*TASK INSTRUCTIONS:*
Copy the data that appears below exactly. Drop the pictures.

*RAW DATA:*
= = = = = = =
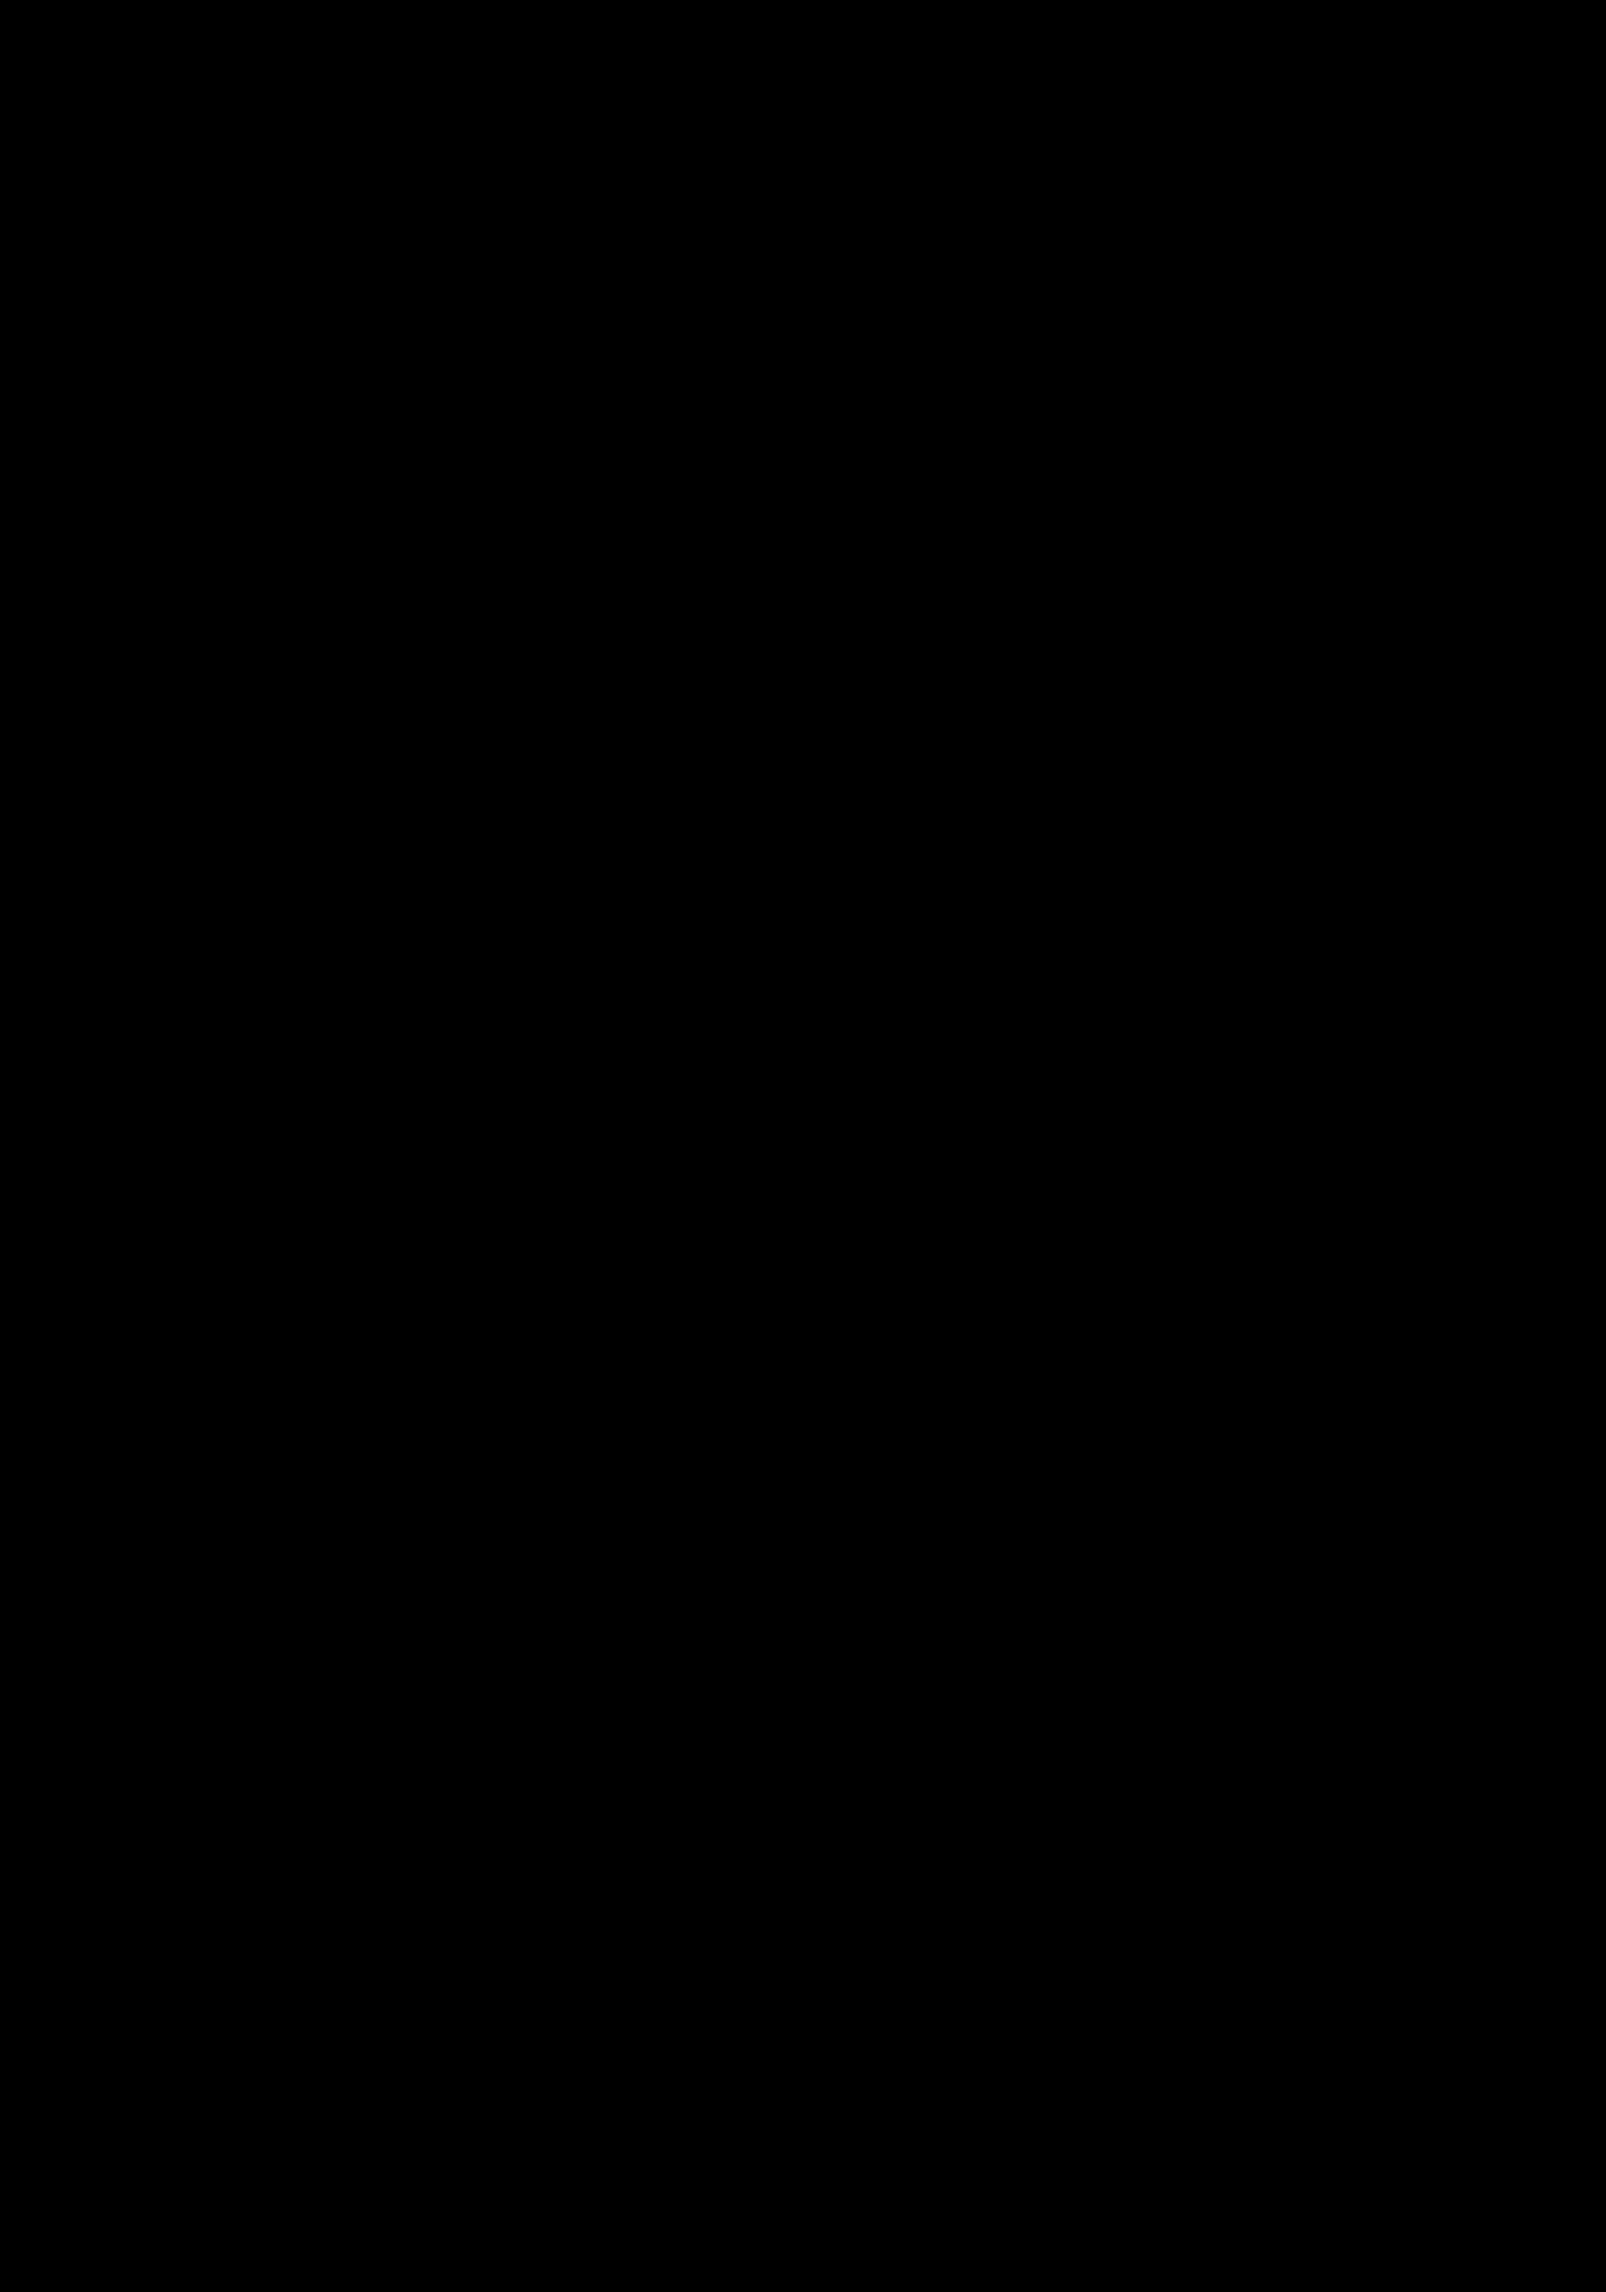 Silhouette llama
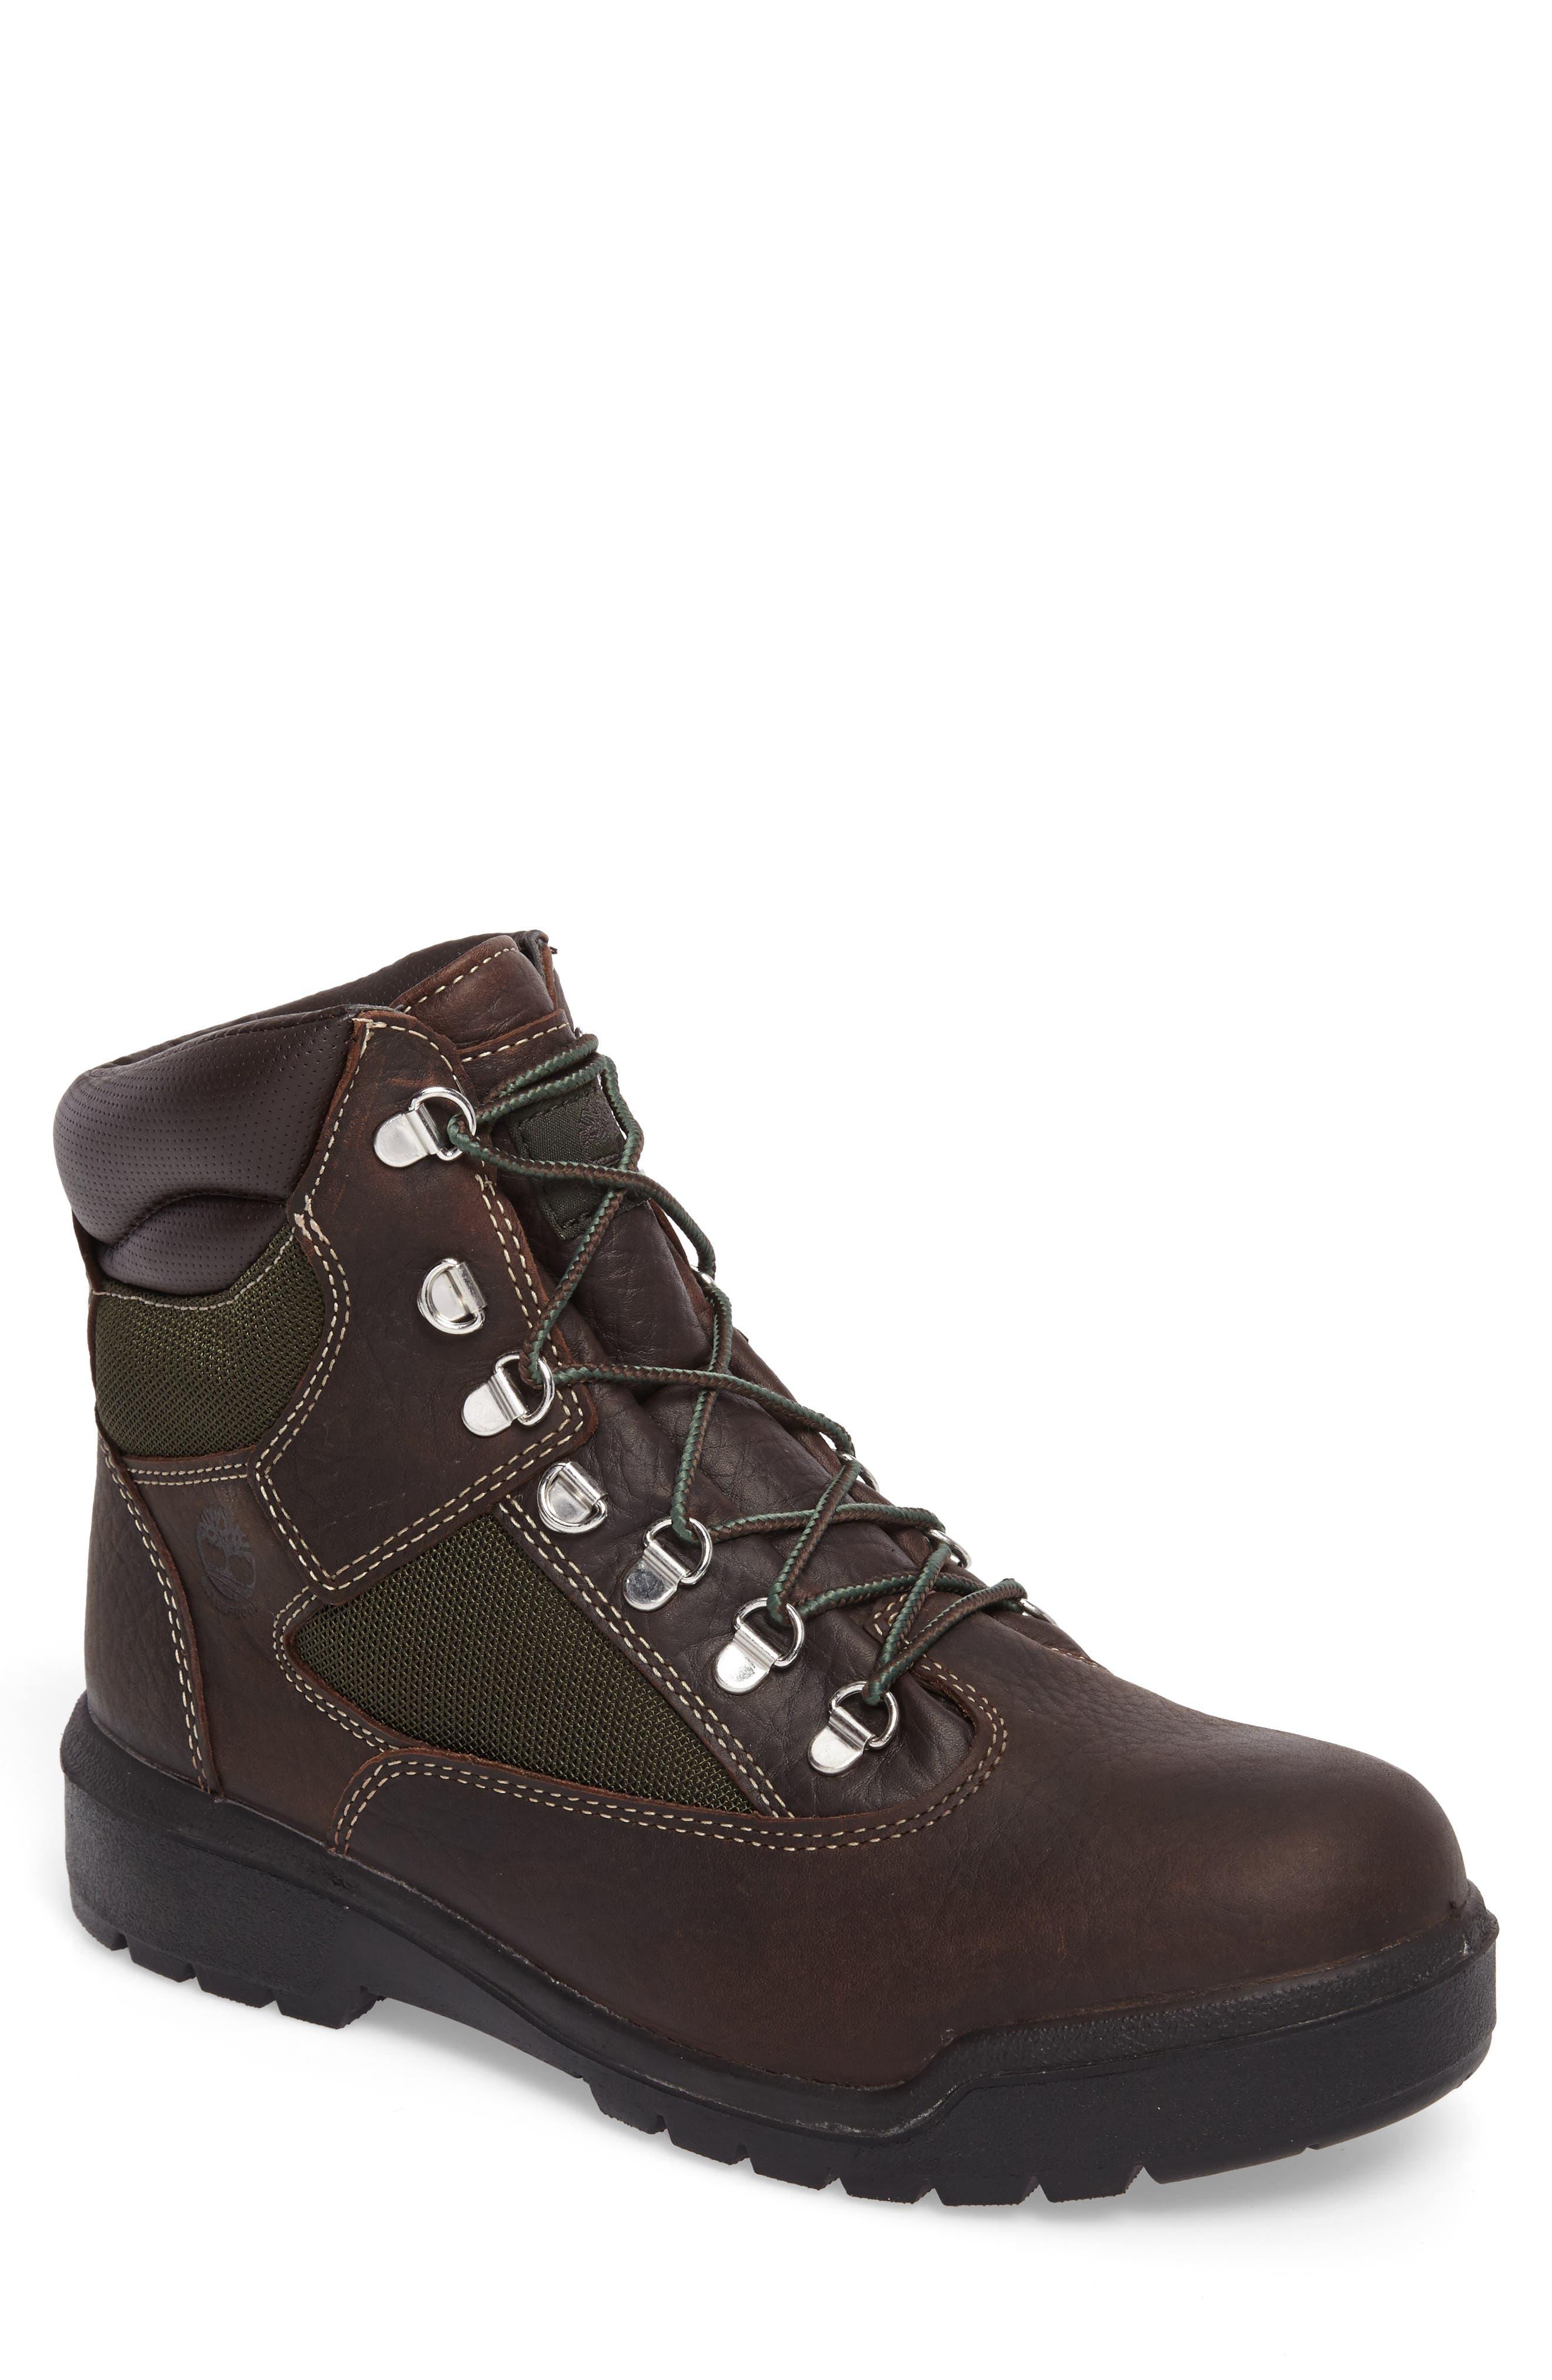 Field Waterproof Winter Boot,                         Main,                         color, Hazel Highway Leather
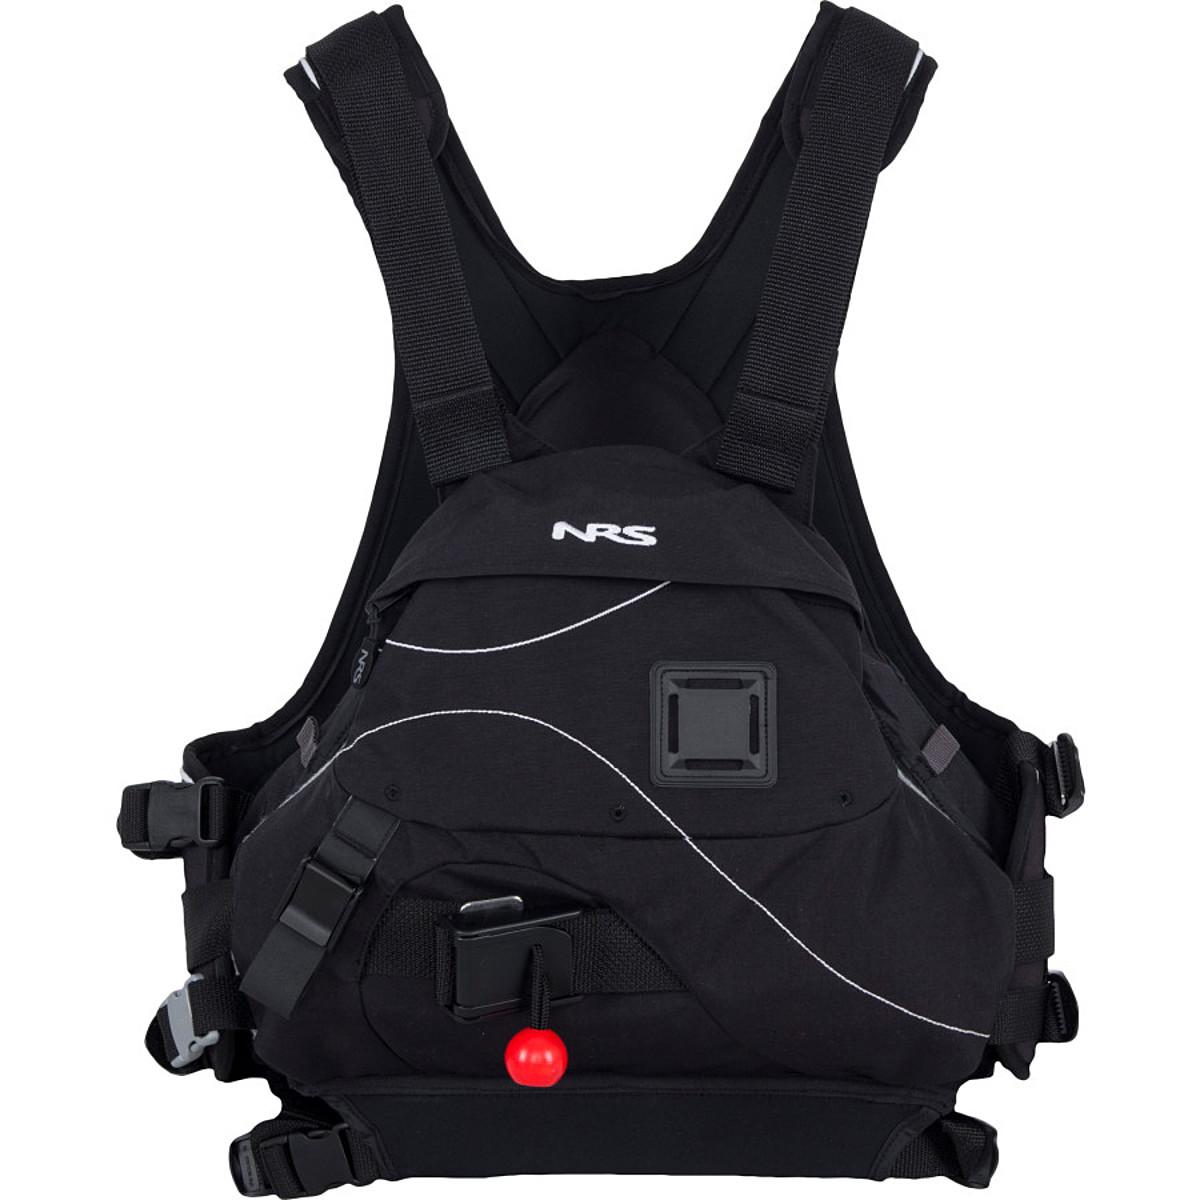 NRS Zen Rescue Life Jacket
= = = = = = =
*FINISHED EXERCISE:*
 Silhouette llama
 Field Waterproof Winter Boot,                         Main,                         color, Hazel Highway Leather
 NRS Zen Rescue Life Jacket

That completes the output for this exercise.